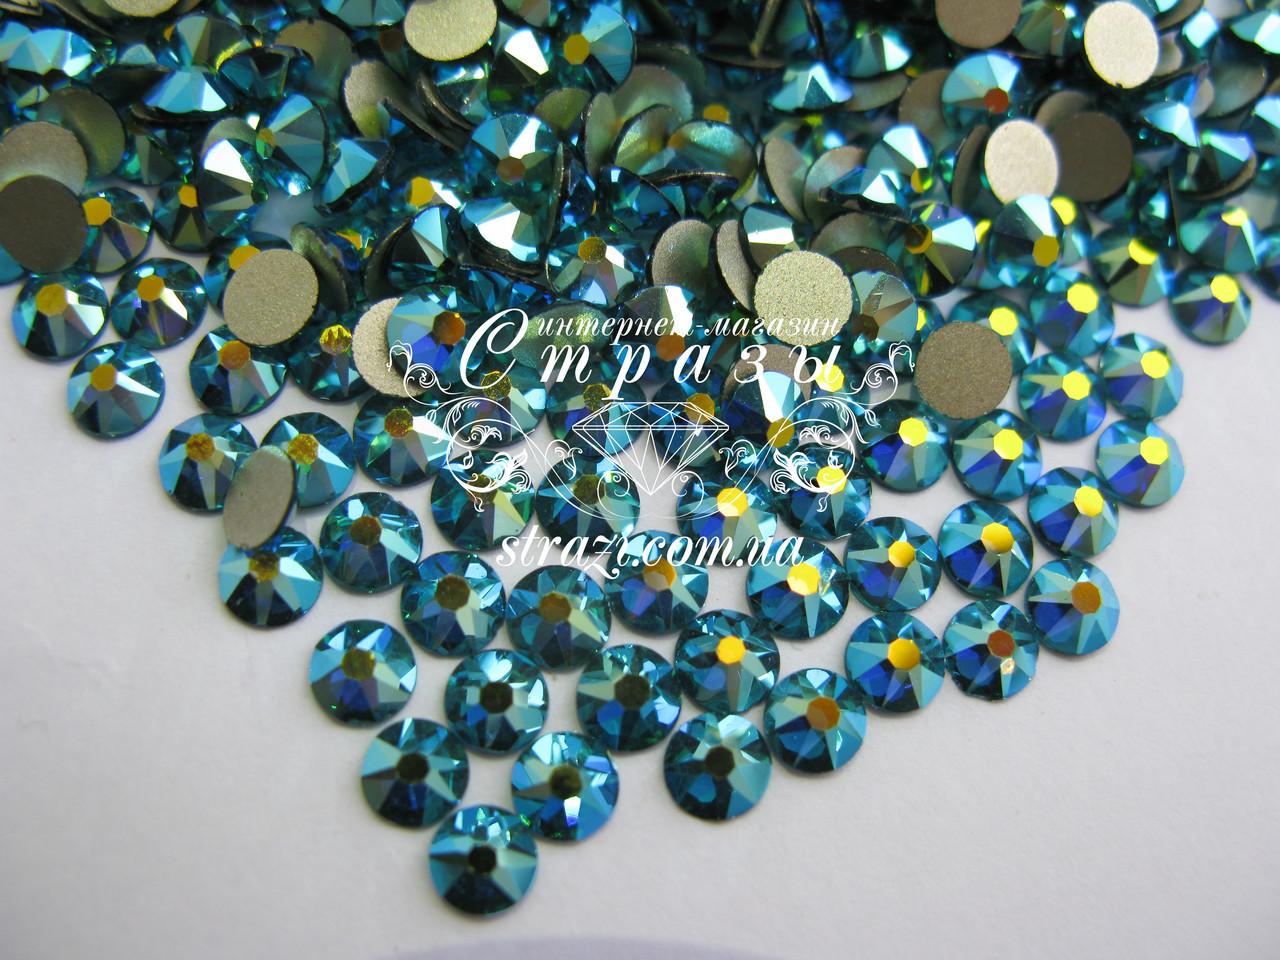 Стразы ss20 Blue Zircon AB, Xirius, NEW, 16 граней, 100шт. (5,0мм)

* * *

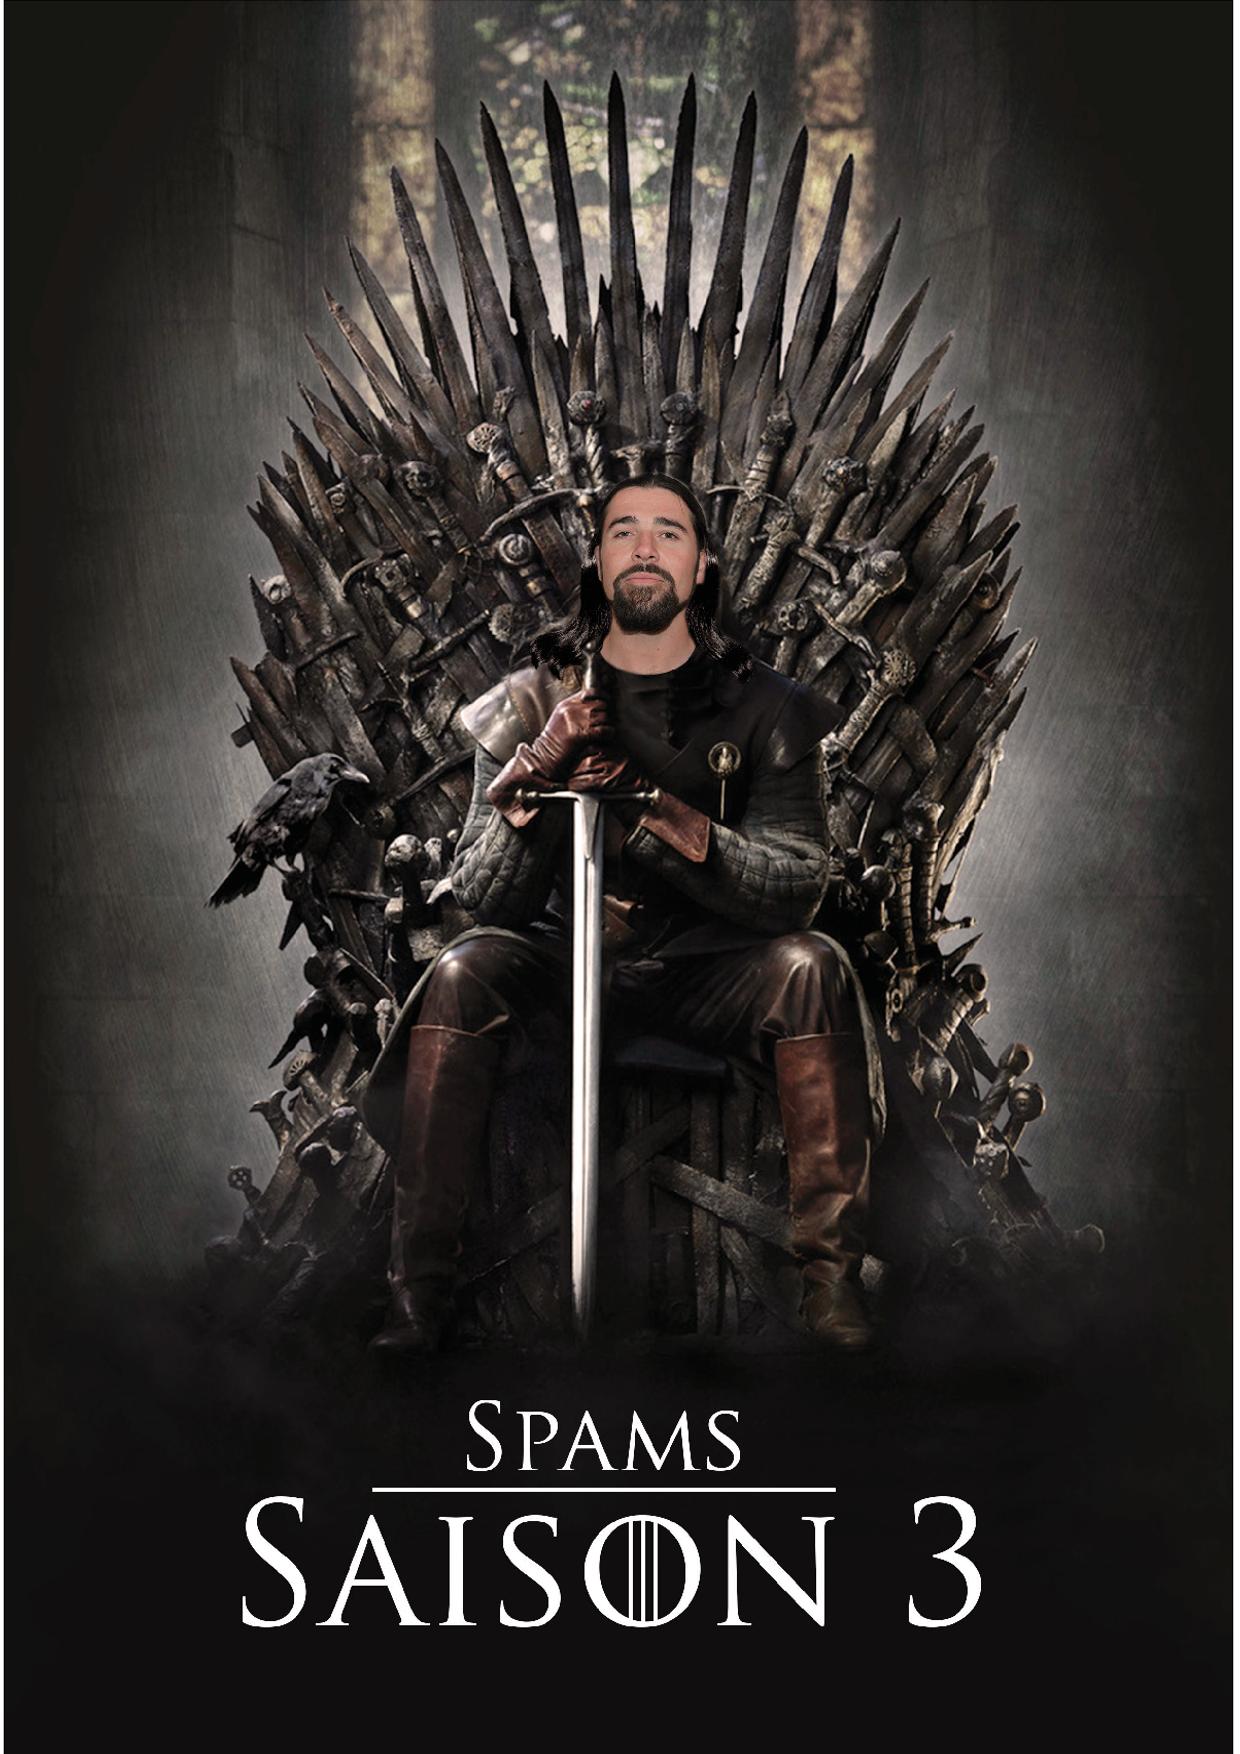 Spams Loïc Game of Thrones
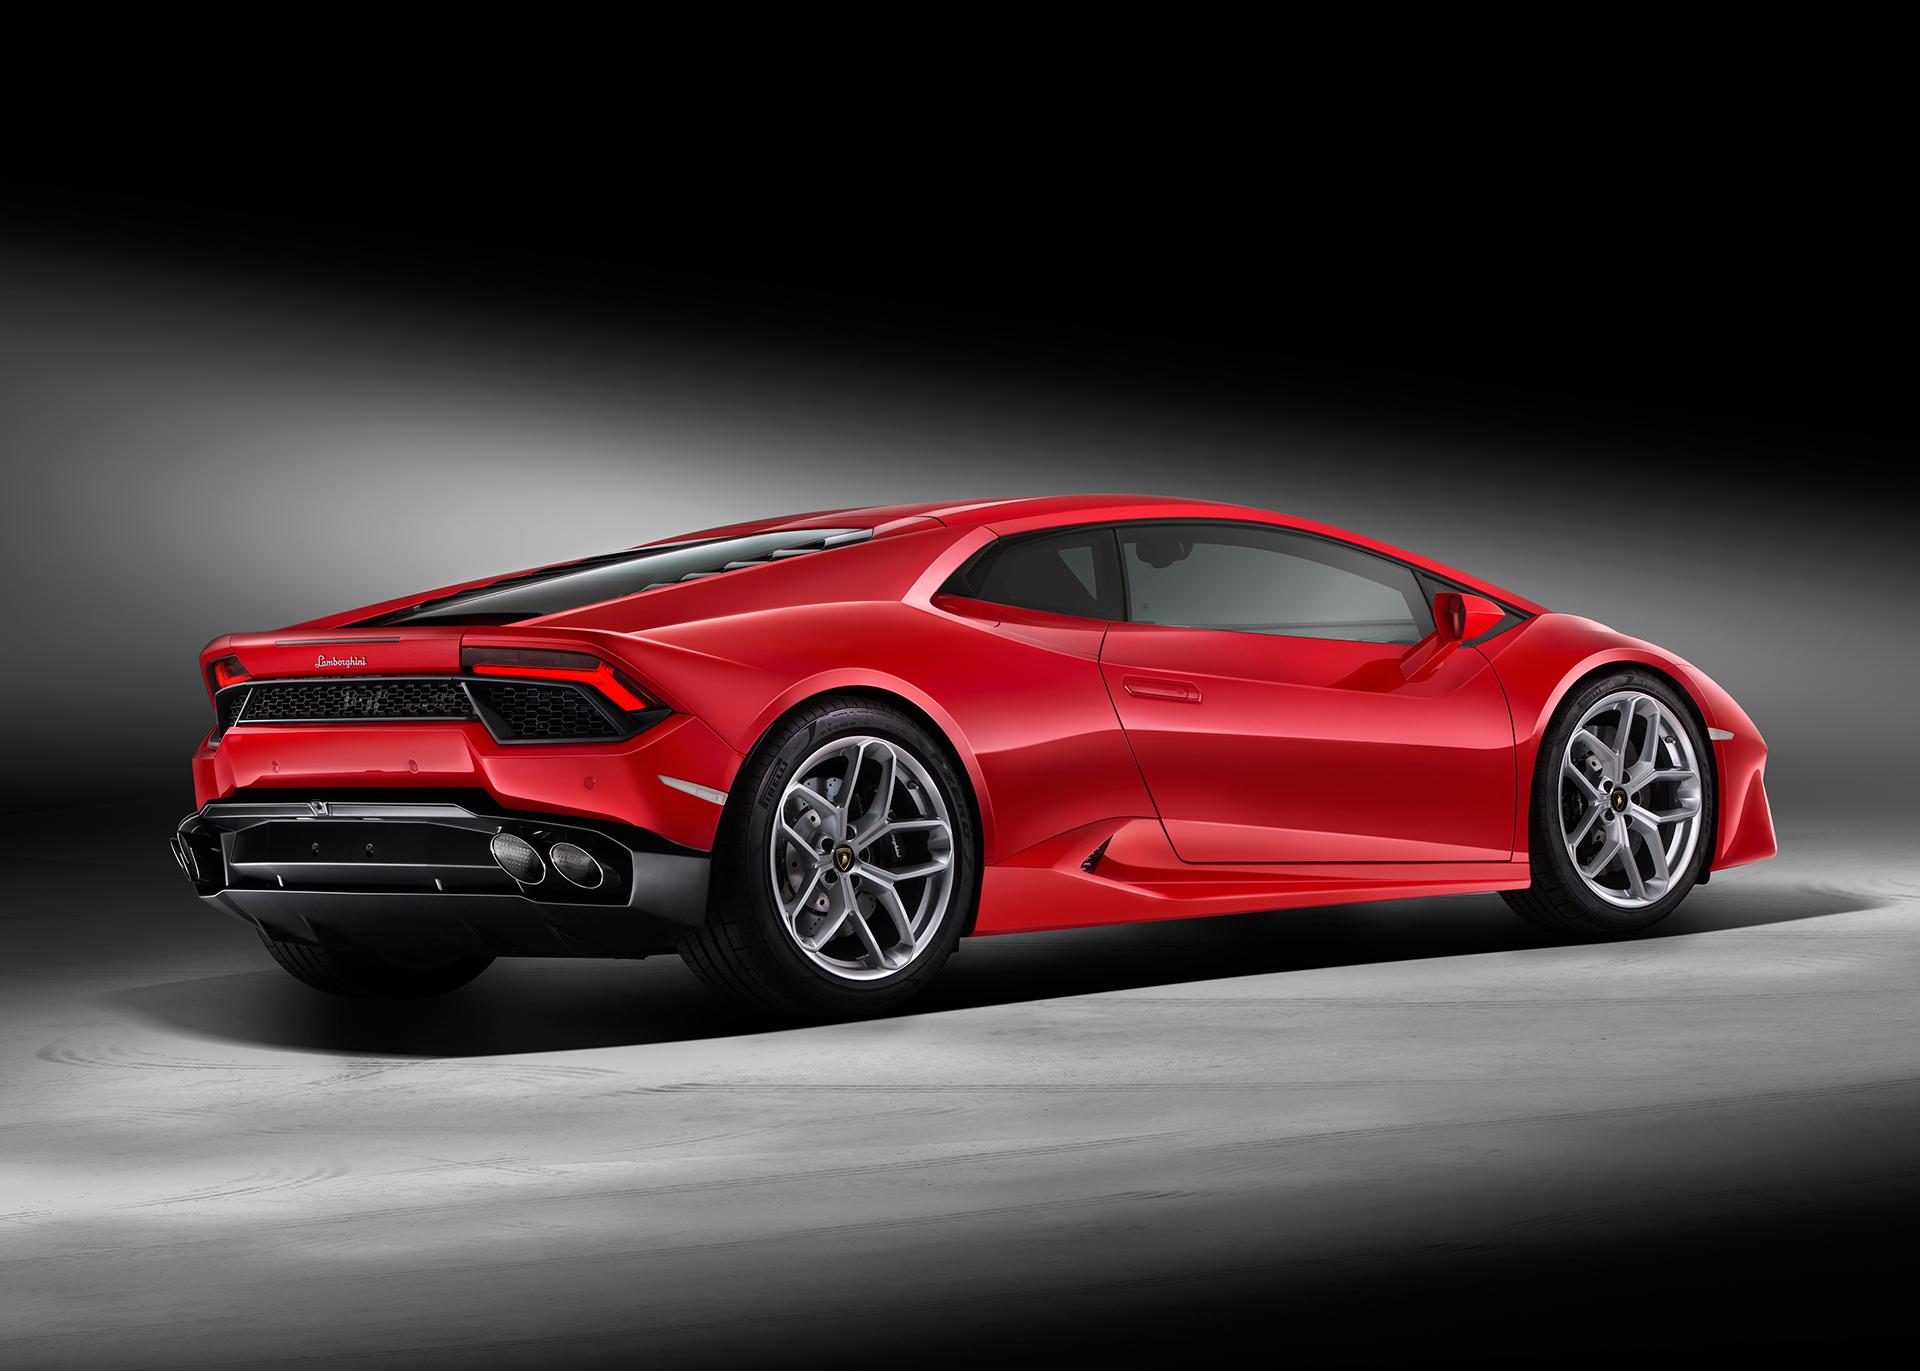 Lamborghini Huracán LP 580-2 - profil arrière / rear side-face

#### ABOUT THIS EXERCISE:
The lines to copy exactly start with the line above that has "Spams Loïc Game of Thrones" and go on through the line that has "Lamborghini Huracán LP"; please include both, add nothing else, and omit the pictures.

#### RESPONSE TO THIS EXERCISE:
 Spams Loïc Game of Thrones
 Lamborghini Huracán LP 580-2 - profil arrière / rear side-face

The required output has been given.